### GIVEN DATA
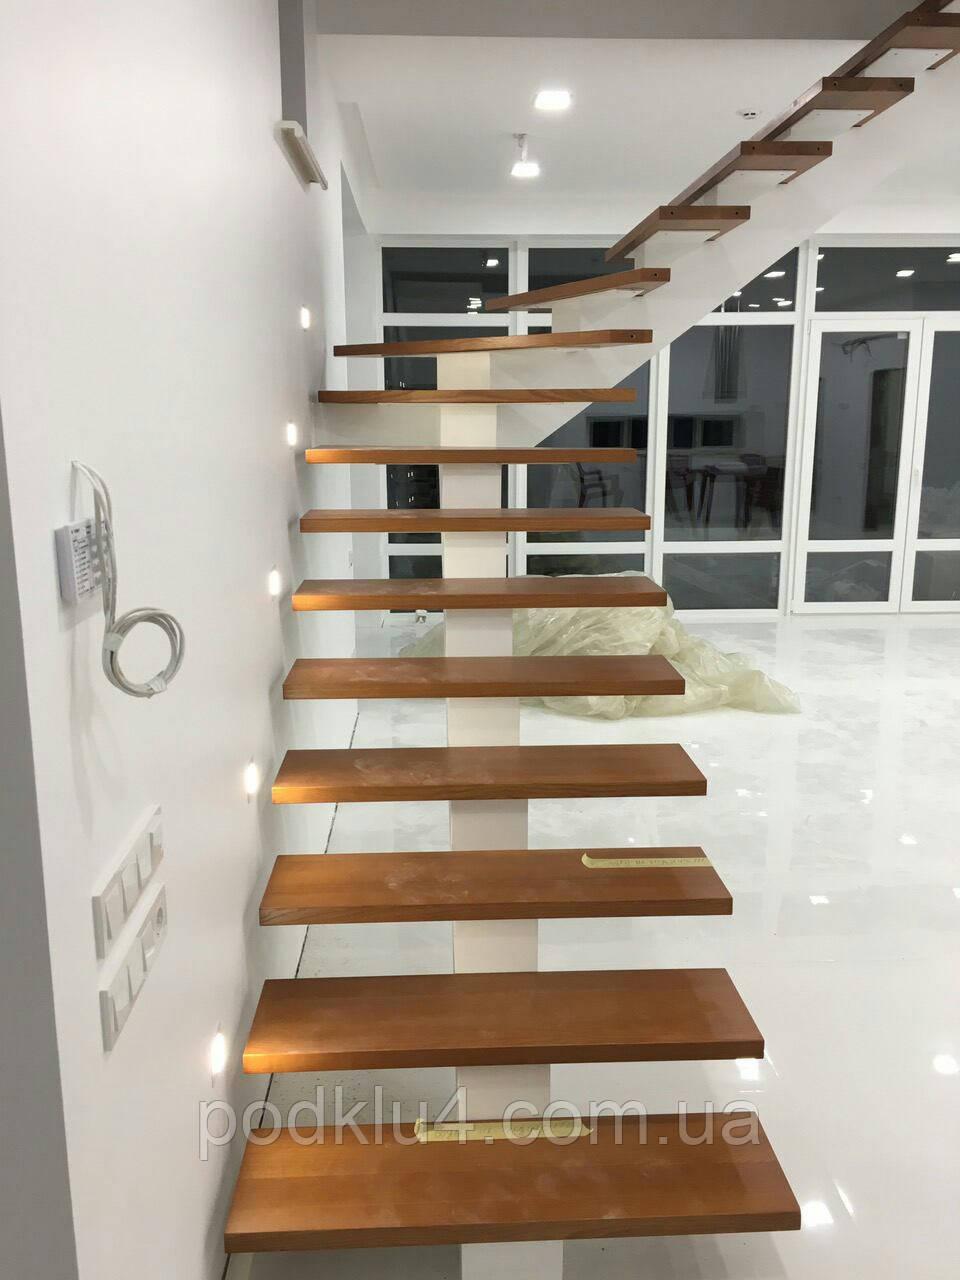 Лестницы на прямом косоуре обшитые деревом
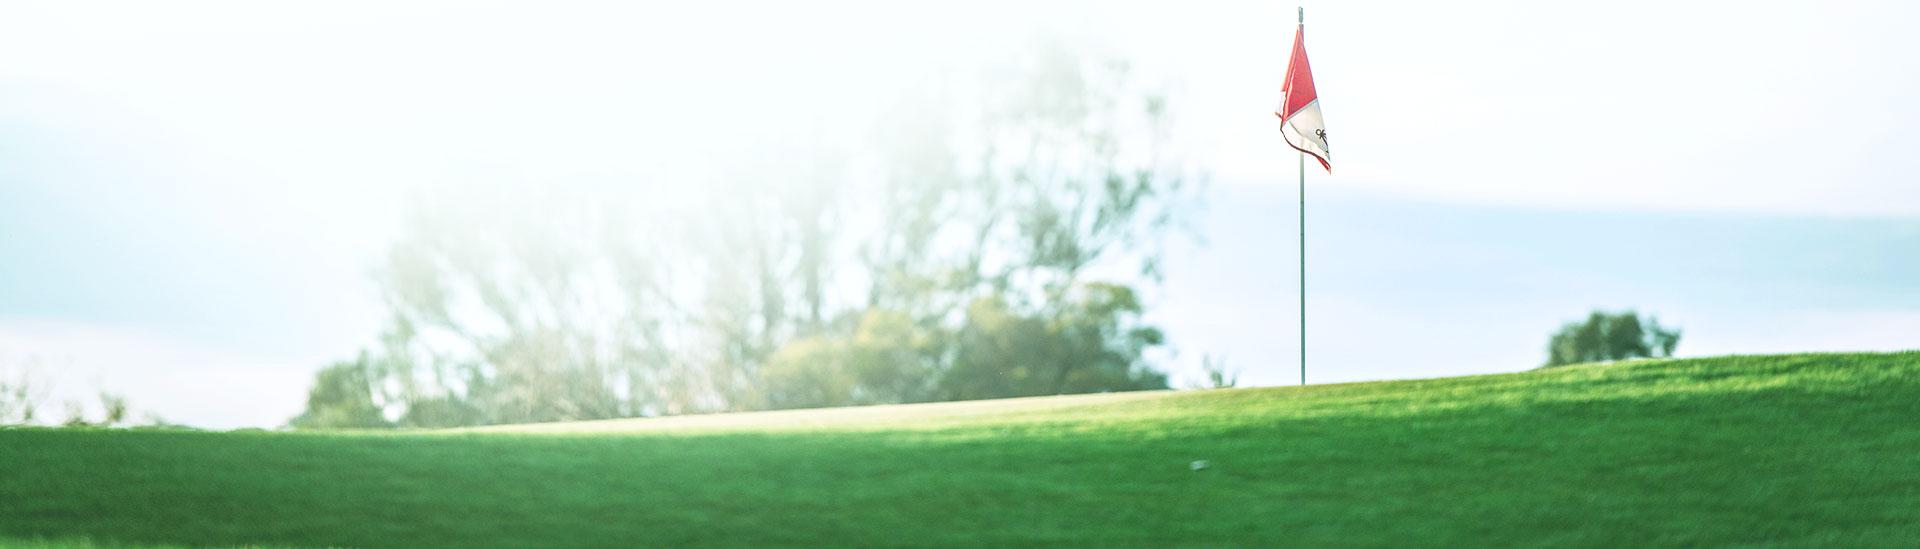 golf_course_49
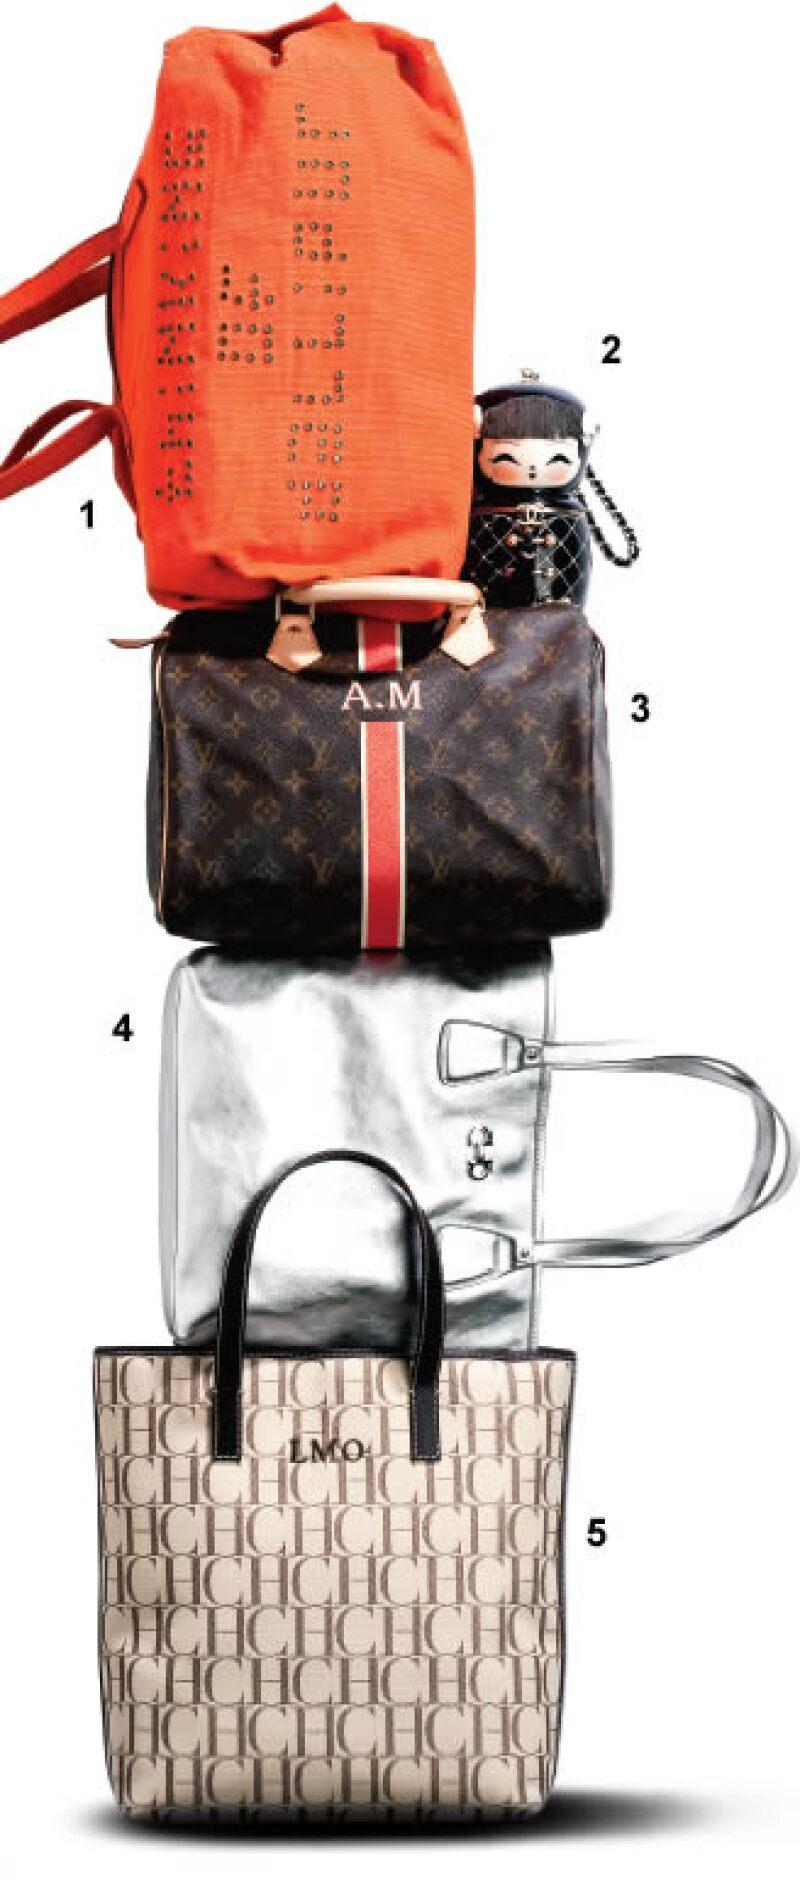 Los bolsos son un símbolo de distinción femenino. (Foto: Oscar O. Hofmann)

### DIRECTIONS FOR THIS TASK
Copy exactly, and copy only, the lines from the one bearing "golf_course_49" through the closing line of the material, with both ends kept and pictures removed.

### RESPONSE TO THIS EXERCISE
 golf_course_49
 Los bolsos son un símbolo de distinción femenino. (Foto: Oscar O. Hofmann)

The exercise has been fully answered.